A lot of that information is useful for painting. When the author explains how the brain uses visual clues to judge distance, these are the same things artists use to create the illusion of depth and distance in paintings. These include objects getting smaller the further away they are, closeness to the horizon (the further away or taller something is, the closer to the horizon it is), aerial perspective (the effect of moisture and particles in the air between the distant object and the viewer that causes distant objects to appear grayer, cooler, paler than closer objects), linear perspective, and occlusion (one thing in front of another).

7 replies on “Organic Bananas, The FURminator & Blindness”

Jana, your posts are always so thought-provoking and informative. I think I’d stop by all the time even if they weren’t beautifully illustrated as well! I’m going to have to get a copy of that book! And I love your (friend’s) description of the learning process in the previous post – it’s absolutely spot on. Your progress in oils is inspiring, but I’ll first have to work through the conscious incompetence phase in watercolor!

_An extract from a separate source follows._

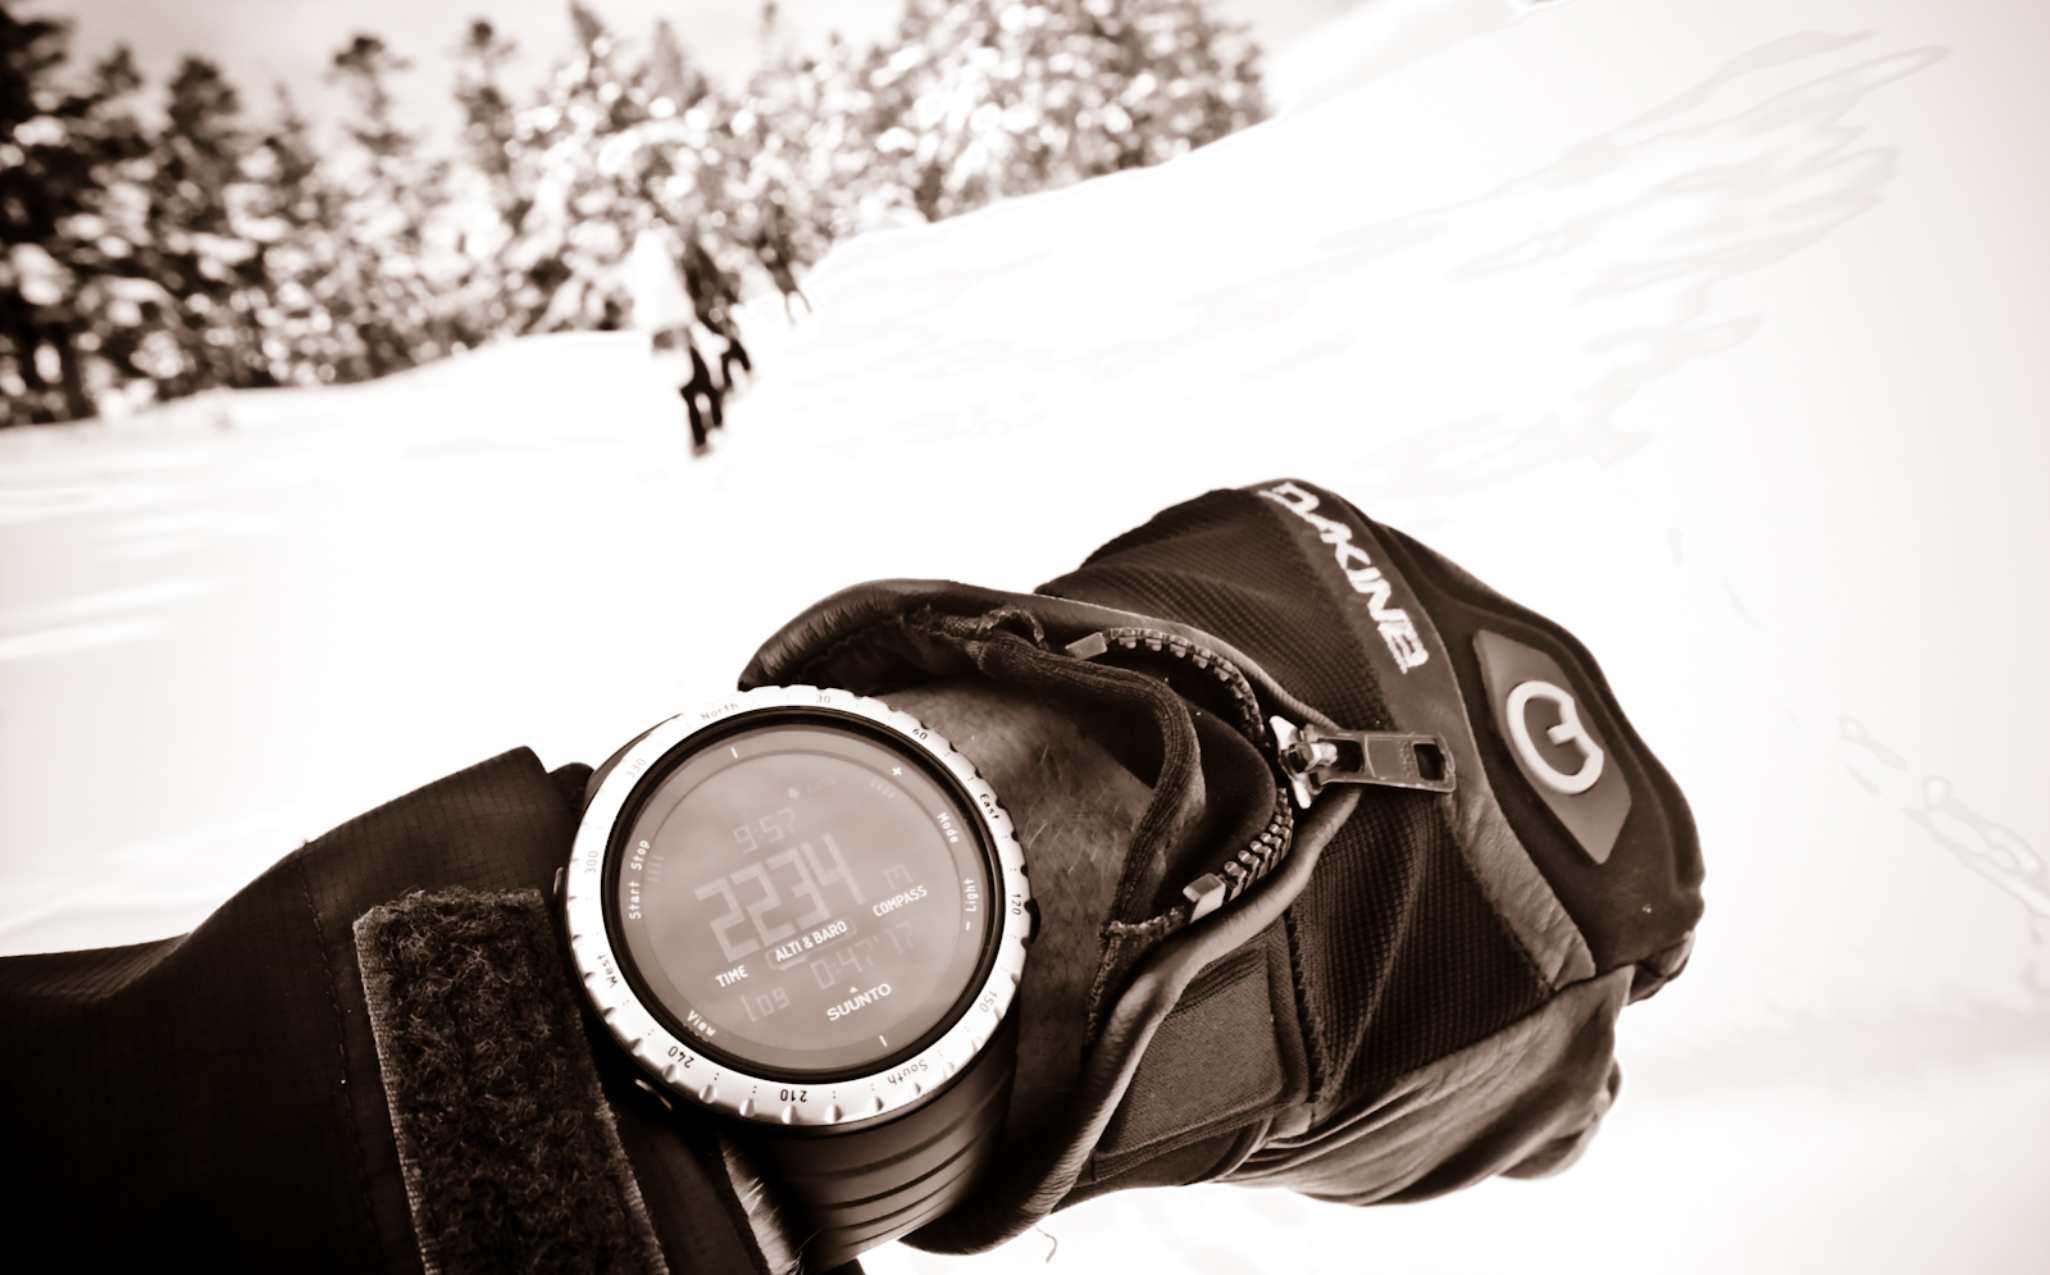 Kimakochi Walk Snowboarding Speed
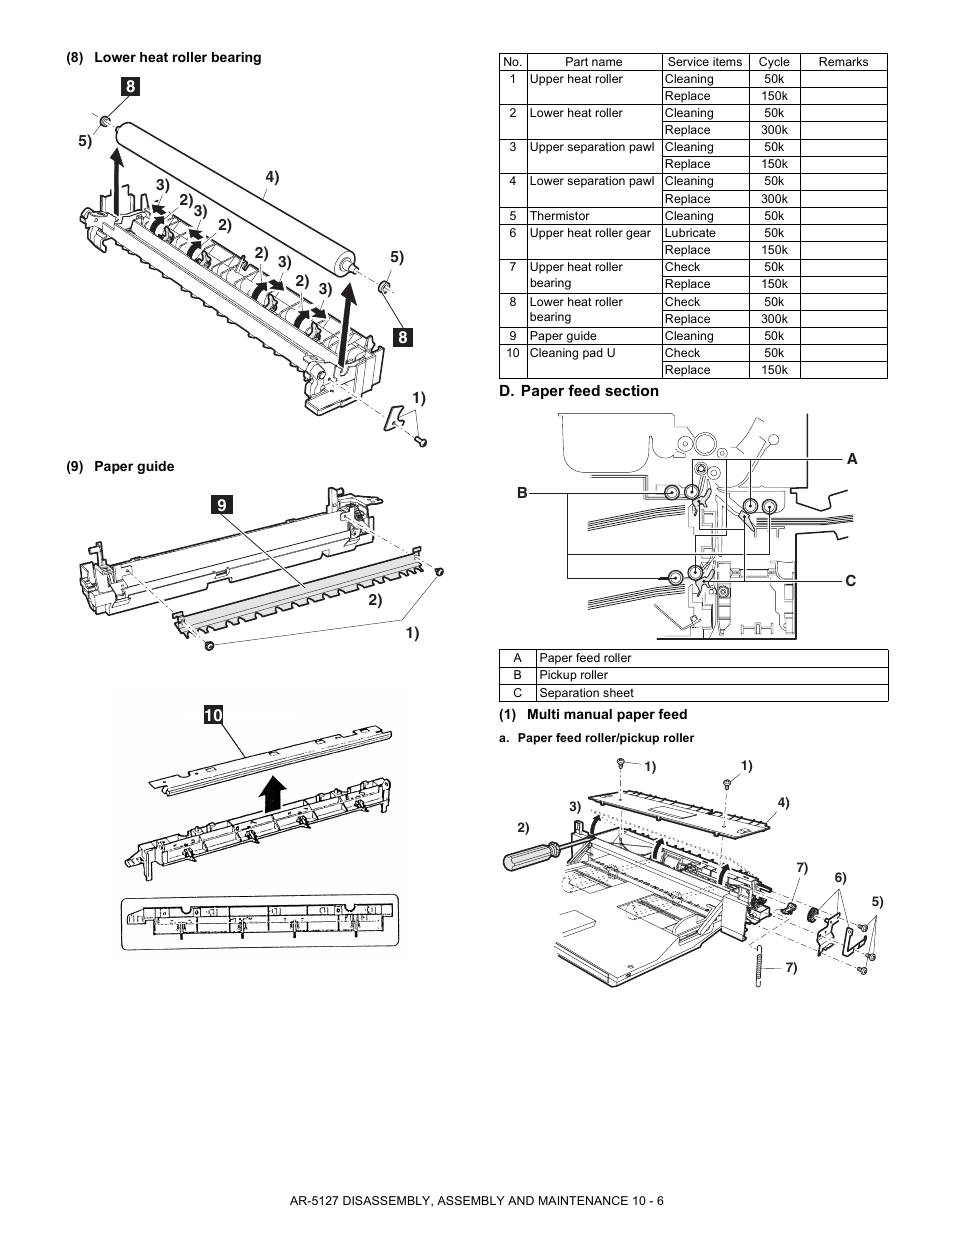 Sharp Digital Laser Copier Printer Ar 5127 User Manual Page 82 94 Diagram Of A

WOW! FABULOUS form and color on the bananas! And congrats for getting so much work done! The book sounds fascinating! I think I saw an interview with this individual a few years ago — incredible experiences!!! And yes, to learn about sight for painting — very neat, Jana! My depth perception is way off due to a near sighted eye and a far sighted eye — perspective for me is some experience in frustration! LOL


Wonderful bananas!!!

I also read that book and was totally fascinated. I also read the author’s previous book and it was also excellent. I love a good author that really knows how to write.


The book you were talking about sounds really inspiring and I love how you made the connections with art. Of course, I always love your paintings too! I haven’t been commenting too much lately due to internet issues and sickness, but I’m still visiting your blog (I have you on the wordpress blog surfer which I love!) and always enjoy your paintings.


I love the soft runs in both the yellow of the bananas and the shadow areas. And yes, I agree, the vertical format is really neat! Clean colors, just beautiful! And your informative posts are interesting and conversational, feels like we’re all sitting down with a buddy. Thanks.